Most option traders focus on four primary questions.

1. What is the market trend?

2. Where should I enter the option trade?

3. What is my target?

4. What is the correct stop?

At the onset we must understand why professional option traders are highly successful. You’ll notice that almost 90% of professional option trading systems are designed under statistical models of option valuation. This model revolves around the change in option premiums, with respect to the change in volatility. One of the biggest advantages of this method lies in having prior knowledge of whether an option premium is over-priced or under. In today’s article we shall discuss this component and how it is customized by professional traders to fit their trading systems.

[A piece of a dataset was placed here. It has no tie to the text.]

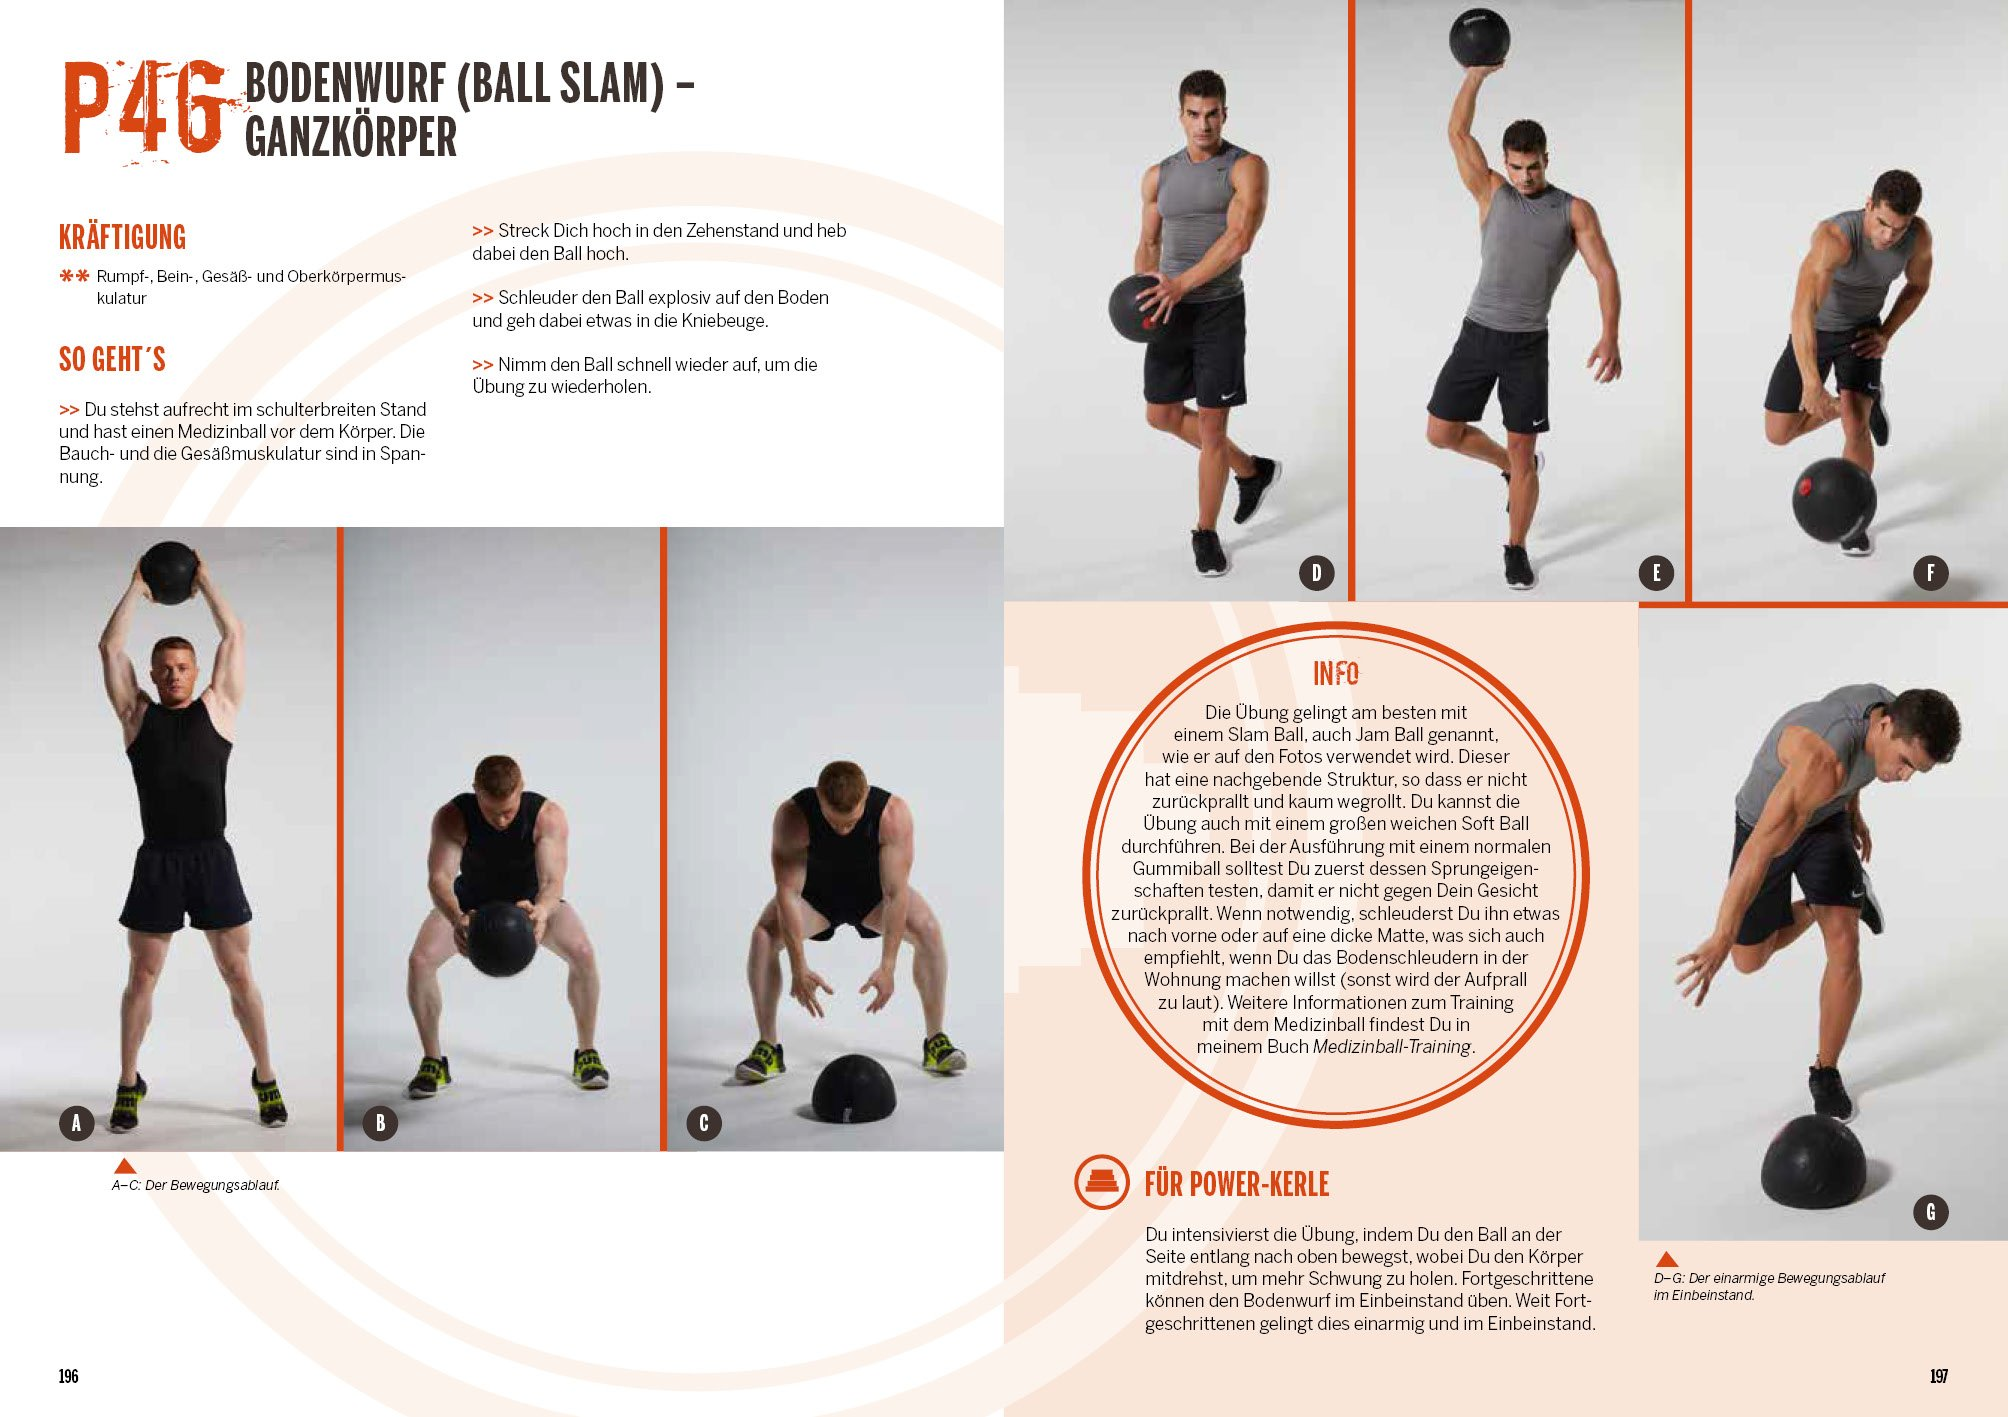 der ultimative Trainings-Guide Krafttraining-Buch Power für echte Kerle DMAX

Implied Volatility Of Options

Estimating the Implied Volatility creates the biggest hurdle for option traders. Take for example; a portfolio manager is trying to establish the VAR of his custom index in the near term. In this case, he will most likely correlate it with the volatility of the benchmark at that time. This is because he is trying to determine the risk of the portfolio, in the shorter time frame. As opposed to this, when option traders are trying to establish the value of an option, the statistical measure of volatility over the life of the option is generally considered. The question we need to ask is why?

Option Valuation

So how do professional traders work around a daunting task like determining whether an option premium is fairly valued or not. Since every option contract is unique and is a non-linear variable, professional traders do not consider a linear historical volatility model to determine the fair value of a strike, belonging to a particular contract. The solution here is to work on a volatility correlation matrix that captures the drift within the same timeframe. In other words, the implied volatility of an options contract with 3 months to expiry must be matched with 3 month historical volatility. This also means that when we are trading a contract that has 30 days to expiry, it must be correlated with a 30 day historical volatility to determine the appropriate premium of the strike. One of the most important factors that option traders must keep in mind is, shorter the time frame, wider the spread between the historical and the implied volatilities. We have observed that most institutions use the periodic volatility comparison rather than the generic 1% drift in the implied volatility method. When determining the valuation of the option, they co-relate the change in volatility with respect to the maturity of the option contract and not the generic historical volatility of the instrument.